This finding validates the model’s ability to propose novel, biologically plausible domain combinations that can be functionally expressed in a heterologous host.
Discussion
This study demonstrates that our transformer-based model can effectively learn and predict BGC patterns by treating functional domains as linguistic units. This approach provides both conceptual insights into BGC organization and practical tools for natural product discovery. Notably, divergent prediction patterns between the BGC-trained and genome-trained models suggest that broader training contexts may reveal alternative or previously unexplored biosynthetic trajectories, as exemplified in the analysis of cyclooctatin BGC.

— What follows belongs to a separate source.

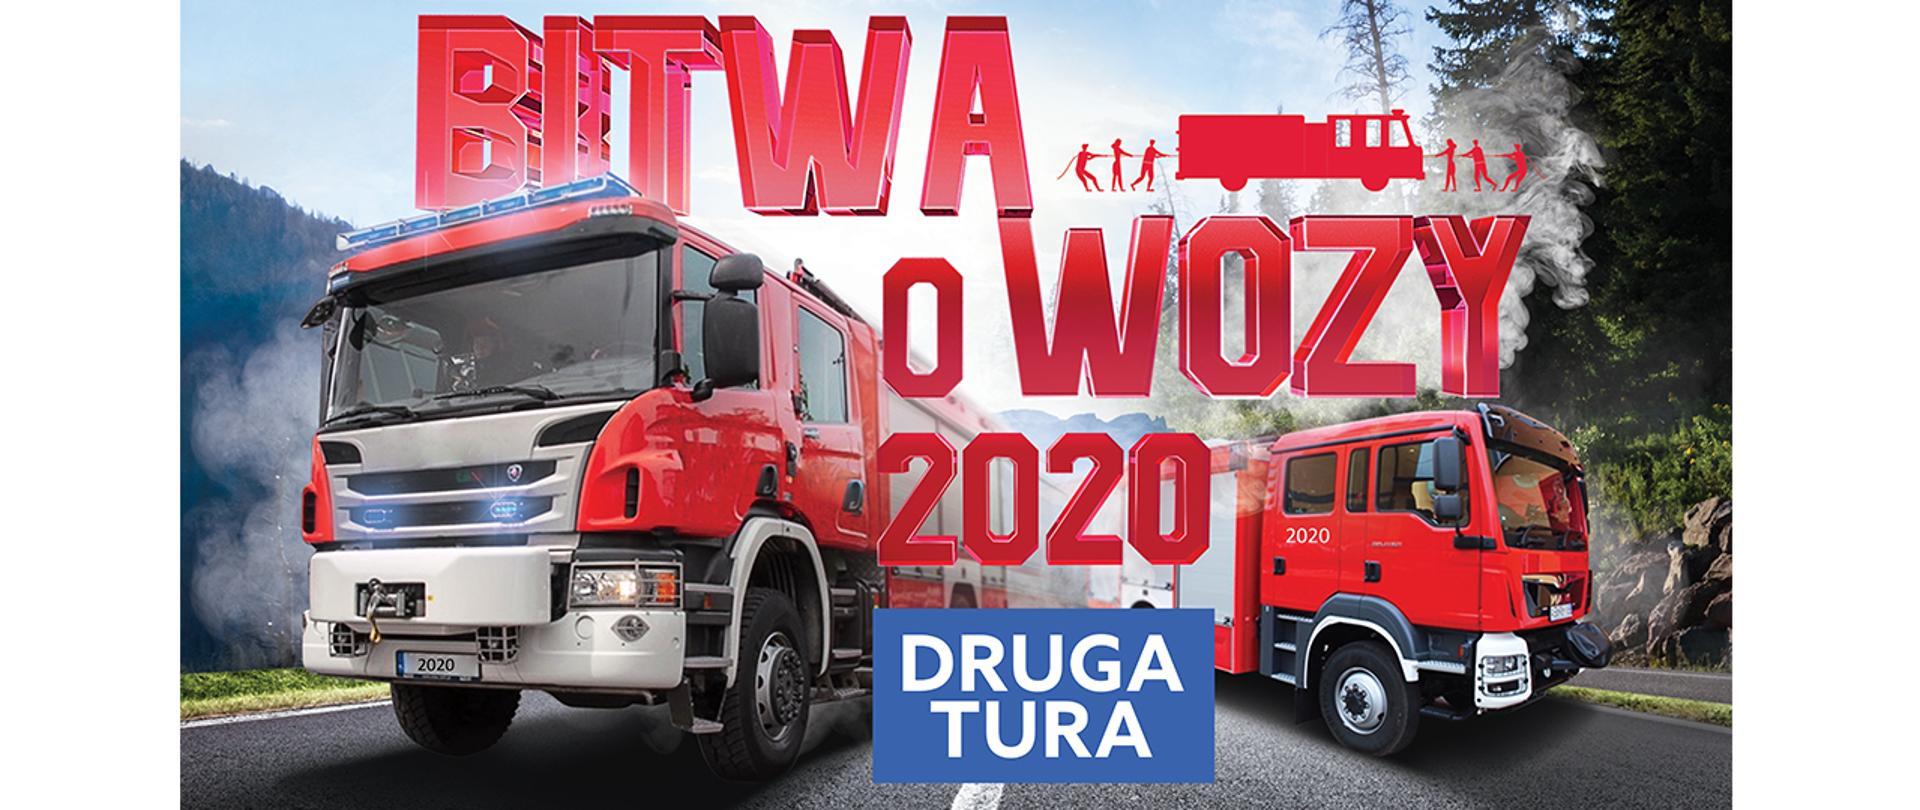 Grafika promująca drugą edycję akcji profrekwencyjnej MSWiA, na której widnieją dwa wozy ratowniczo-gaśnicze pędzące ulicą oraz napis: Bitwa o wozy 2020, druga tura.

We experimentally validated a model-predicted domain combination through heterologous co-expression of the FAD_binding_3 gene with cyclooctatin biosynthetic genes. The FAD_binding_3 domain is found in various enzymes, typically monooxygenases and hydroxylases, where it binds and utilizes flavin adenine dinucleotide as a redox cofactor. Although detected in trace amounts, a putative isomer of cyclooctat-9-ene-5,7-diol was specifically observed in transformants co-expressing CotB1-B2, CotB1-B3, or CotB1-B4 with the FAD_binding_3 protein (Figs 12B and B in S1 Data). This observation aligns with the model’s prediction that such domain combination could lead to the production of unknown metabolites. While structural elucidation of the unknown isomer remains necessary, this form of metabolomic validation offers critical feedback for iterative model refinement.
Compared to existing tools such as antiSMASH, which rely on known BGC patterns, our model learns from both BGC and non-BGC genomic regions and can propose novel domain combinations. The use of a transformer architecture enables the capture of long-distance dependencies among domains, which is crucial for understanding cluster organization. These strengths are reflected in the models’ high prediction accuracy and its ability to propose biologically plausible, previously uncharacterized domain assemblies.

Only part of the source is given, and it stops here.